Our goal in this section is to train a character-level RNN language model to predict the next token at each step with varying-length context. Hence, during training, our model predicts on each time-step (Fig. 57). The language model below is simply an RNN cell with an attached logits layer applied at each step.

../../../_images/04-char-rnn.svg

Fig. 57 Character-level RNN language model for predicting the next character at each step. Source

To implement a language model, we simply attach a linear layer on the RNN unit to compute logits. The linear layer performs matrix multiplication on the rightmost dimension of outs which contains the value of the state vector at each time step. Thus, as shown in Fig. 57 we have \(T\) predictions with increasing context size[1] \(1, 2, \ldots, T.\)

import torch
import torch.nn as nn
from typing import Type
from functools import partial


class RNNLanguageModel(nn.Module):
    def __init__(self, 
        cell: Type[RNNBase],
        inputs_dim: int,
        hidden_dim: int,
        vocab_size: int,
        **kwargs
    ):
        super().__init__()
        self.cell = cell(inputs_dim, hidden_dim, **kwargs)
        self.linear = nn.Linear(hidden_dim, vocab_size)

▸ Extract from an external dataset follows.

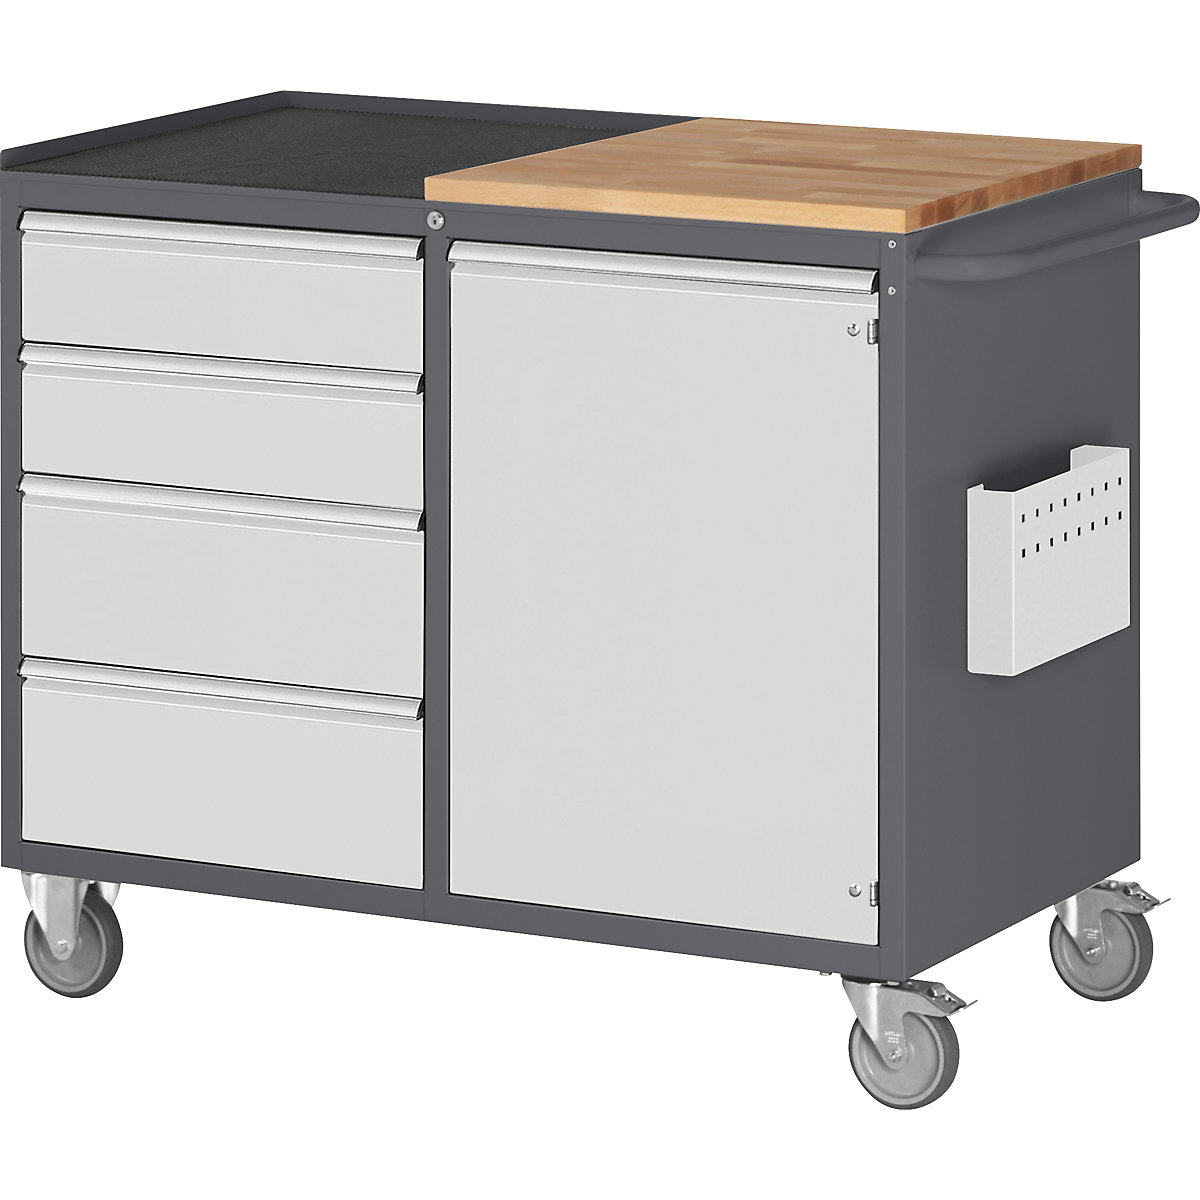 Banchi da lavoro compatti, con rotelle – RAU, 4 cassetti, 1 anta, piano di lavoro in legno e metallo, antracite / grigio chiaro-4
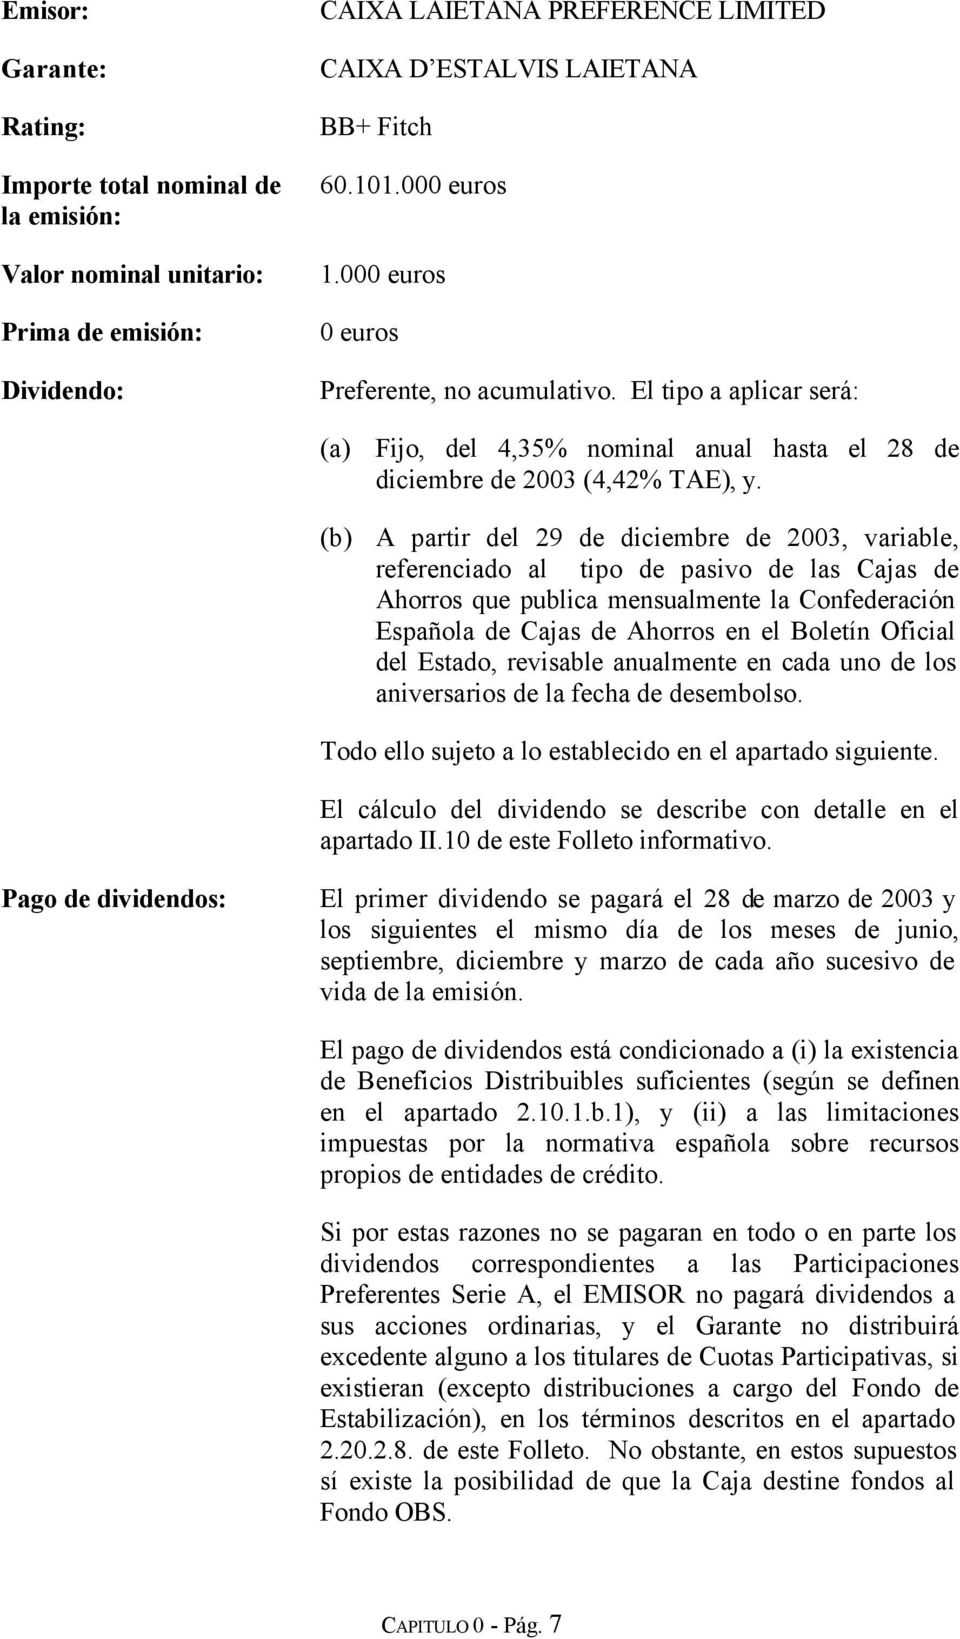 (b) A partir del 29 de diciembre de 2003, variable, referenciado al tipo de pasivo de las Cajas de Ahorros que publica mensualmente la Confederación Española de Cajas de Ahorros en el Boletín Oficial

    def forward(self, x, state=None, return_state=False):
        outs, state = self.cell(x, state)
        outs = self.linear(outs)    # (T, B, H) -> (T, B, C)
        return outs if not return_state else (outs, state)


LanguageModel = lambda cell: partial(RNNLanguageModel, cell)

Character sequences dataset

Our dataset consists of \(T\) input-output pairs of characters shifted one time step:

import torch.nn.functional as F
from torch.utils.data import Dataset, DataLoader

class SequenceDataset(Dataset):
    def __init__(self, data: torch.Tensor, seq_len: int, vocab_size: int):
        super().__init__()
        self.data = data
        self.seq_len = seq_len
        self.vocab_size = vocab_size

    def __getitem__(self, i):
        c = self.data[i: i + self.seq_len + 1]
        x, y = c[:-1], c[1:]
        x = F.one_hot(x, num_classes=self.vocab_size).float()
        return x, y
    
    def __len__(self):
        return len(self.data) - self.seq_len

Training on the Time Machine text:

Hide code cell outputs
import re
import os
import torch
import requests
from collections import Counter
from typing import Union, Optional, TypeVar, List

from pathlib import Path

DATA_DIR = Path("./data")
DATA_DIR.mkdir(exist_ok=True)


T = TypeVar("T")
ScalarOrList = Union[T, List[T]]


class Vocab:
    def __init__(self, 
        text: str, 
        min_freq: int = 0, 
        reserved_tokens: Optional[List[str]] = None,
        preprocess: bool = True
    ):
        text = self.preprocess(text) if preprocess else text
        tokens = list(text)
        counter = Counter(tokens)
        reserved_tokens = reserved_tokens or []
        self.token_freqs = sorted(counter.items(), key=lambda x: x[1], reverse=True)
        self.itos = [self.unk_token] + reserved_tokens + [tok for tok, f in filter(lambda tokf: tokf[1] >= min_freq, self.token_freqs)]
        self.stoi = {tok: idx for idx, tok in enumerate(self.itos)}

    def __len__(self):
        return len(self.itos)
    
    def __getitem__(self, tokens: ScalarOrList[str]) -> ScalarOrList[int]:
        if isinstance(tokens, str):
            return self.stoi.get(tokens, self.unk)
        else:
            return [self.__getitem__(tok) for tok in tokens]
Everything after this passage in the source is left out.